Beyond Bali: Mishandled Communication on Future Plans for Komodo National Park Predicted to Decrease Future Visitor Total

Depending on your news sources -The Komodo National Park – home to the world’s rare and endangered largest monitor “Komodo Dragon” is either going to be closed for at least a year to visits by the public or remain open as a major tourist draw in Eastern Indonesia.

With major media worldwide, including CNN, announcing plans are to close the park for at least one year to allow the recovery of the natural environment there appears to be no official decision yet from the Indonesian government on whether or not the Park will be temporarily closed.
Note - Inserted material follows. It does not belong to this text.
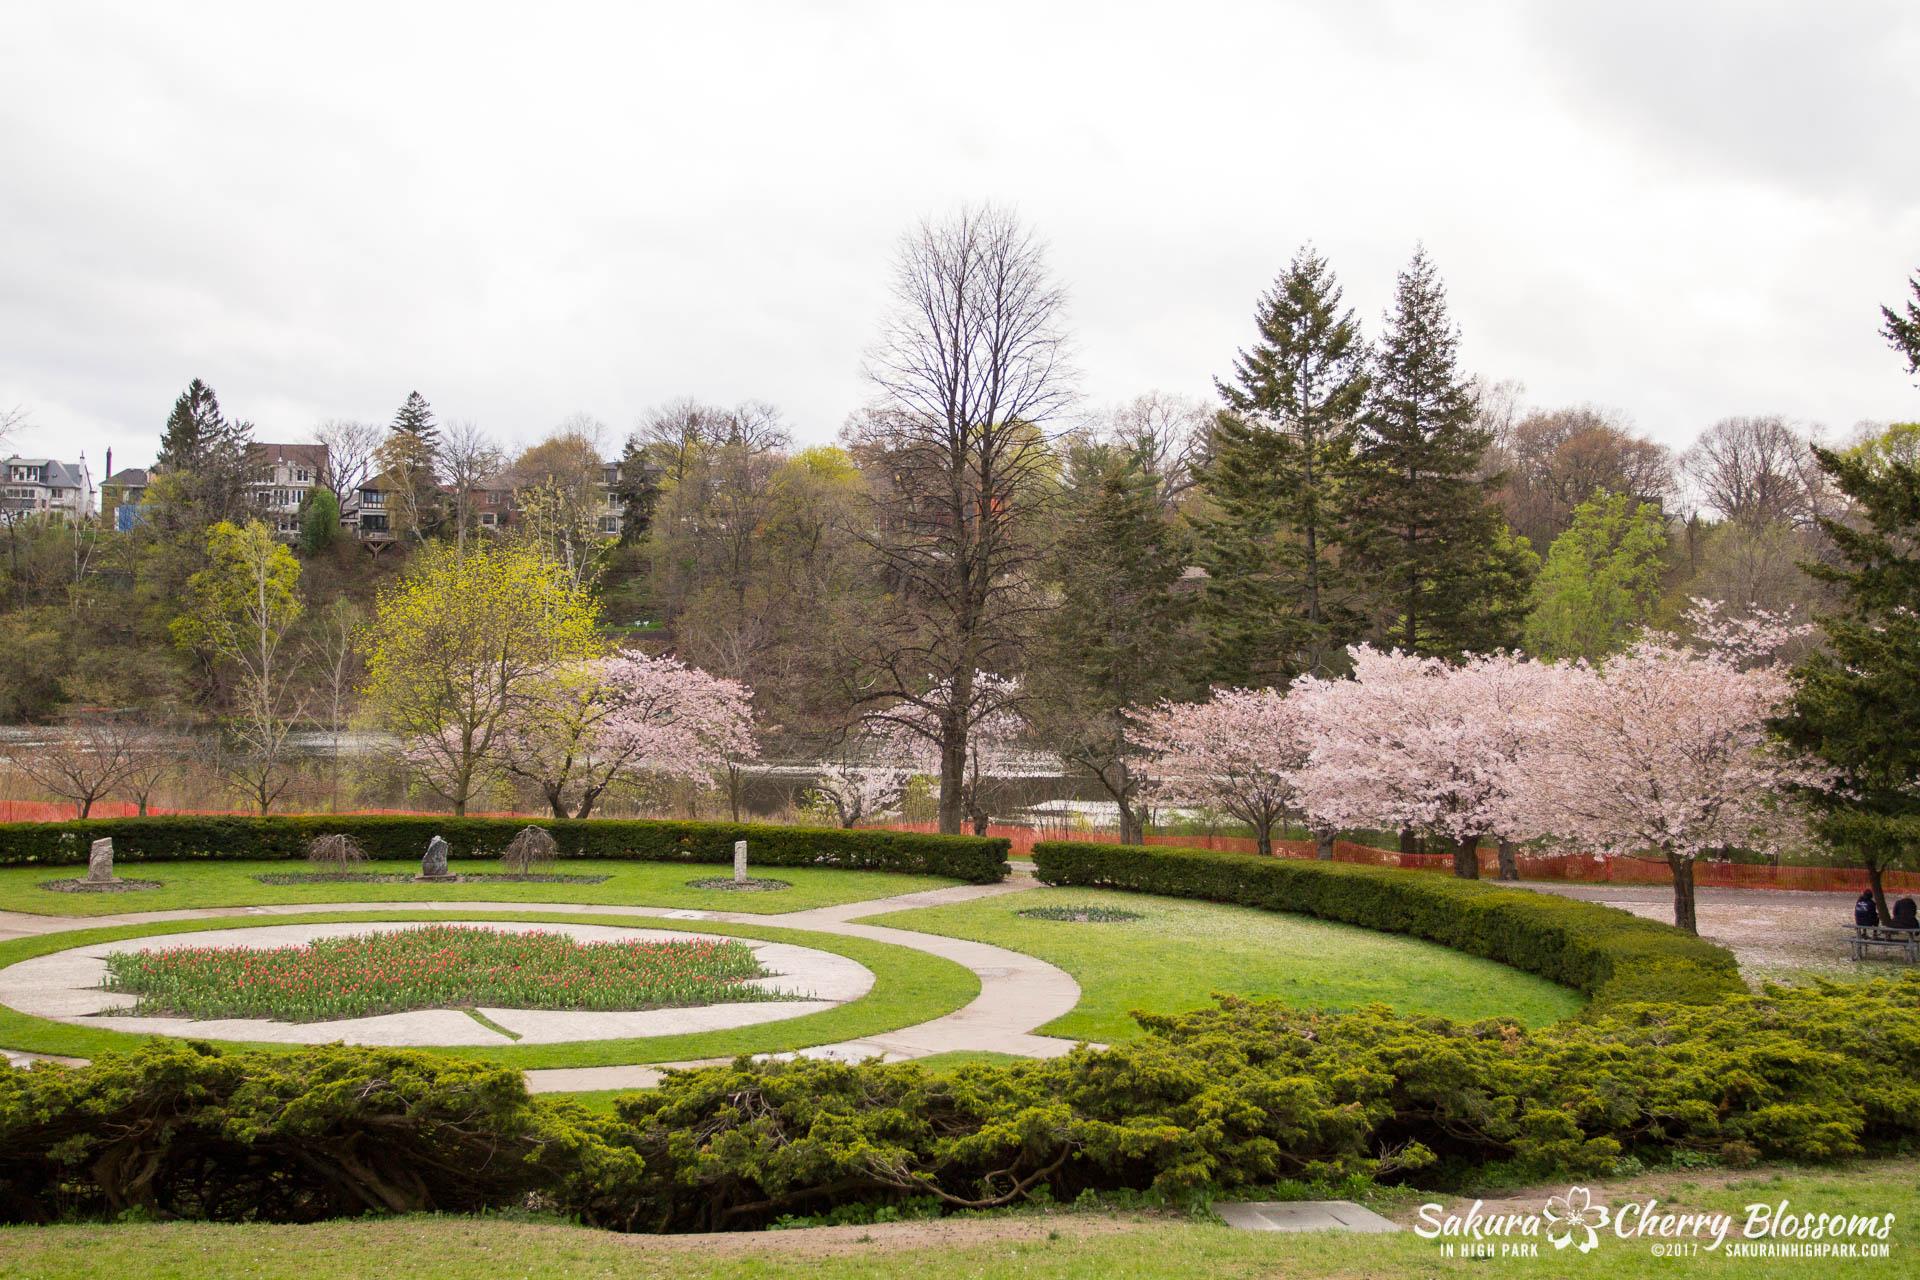 Sakura-Watch-May-2-2017-cherry-blossoms-falling-in-High-Park-218.jpg

The Ministry of the Environment and Forestry (KLHK) in Indonesia has announced no decision has been taken on the closure of the Komodo National Park while research is underway to evaluate future conservation measures. Steps are also underway to continually improve conditions at the Park.

Quoted by TTG Asia, the Minister of the Environment and Forestry, Siti Nurbaya Bakar, said: “At the moment, an integrated team is still conducting research until August, and we will stick to (the earlier decision) to wait for the results (before making any new announcements).”
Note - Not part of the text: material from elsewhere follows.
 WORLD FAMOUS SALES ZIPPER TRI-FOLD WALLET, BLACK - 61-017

Adding to the current confusion, the East Nusa Tenggara Government have released a statement saying the park would soon be closed.

The director general of Natural Resources Conservation and Ecosystems at KLHK, Wiranto, said via an official announcement that any closure of the Park would be based on scientific considerations. Adding: “We understand that we need to give certainty to tourism stakeholders, both local and international, as this could potentially affect the Country’s foreign exchange income, tourism business, and local economy.”

A team comprised of the West Manggarai Government, KLHK, tourism-related companies, the Ministry of Tourism, the Indonesian Institute of Sciences (LIPI), and community associations are reported to be jointly considering the situation of the Park and are expected to issue their recommendations to KLHK in August.

At the base of the current confusion may be overreaching by regional officials who made premature public announcements on the park’s closure without first consulting with the National Government who control the Komodo National Park.

Pending the completion of current reviews and a formal decision from KLHK, the Park remains open for business and visits by both domestic and foreign tourist.

Premature unilateral announcement are likely to make a heavy dent in arrivals as major tourism operators and cruise ships will shy away from selling packages including Komodo until such a time as continued access is officially assured. Cruise ships tend to book their itineraries two year in advance.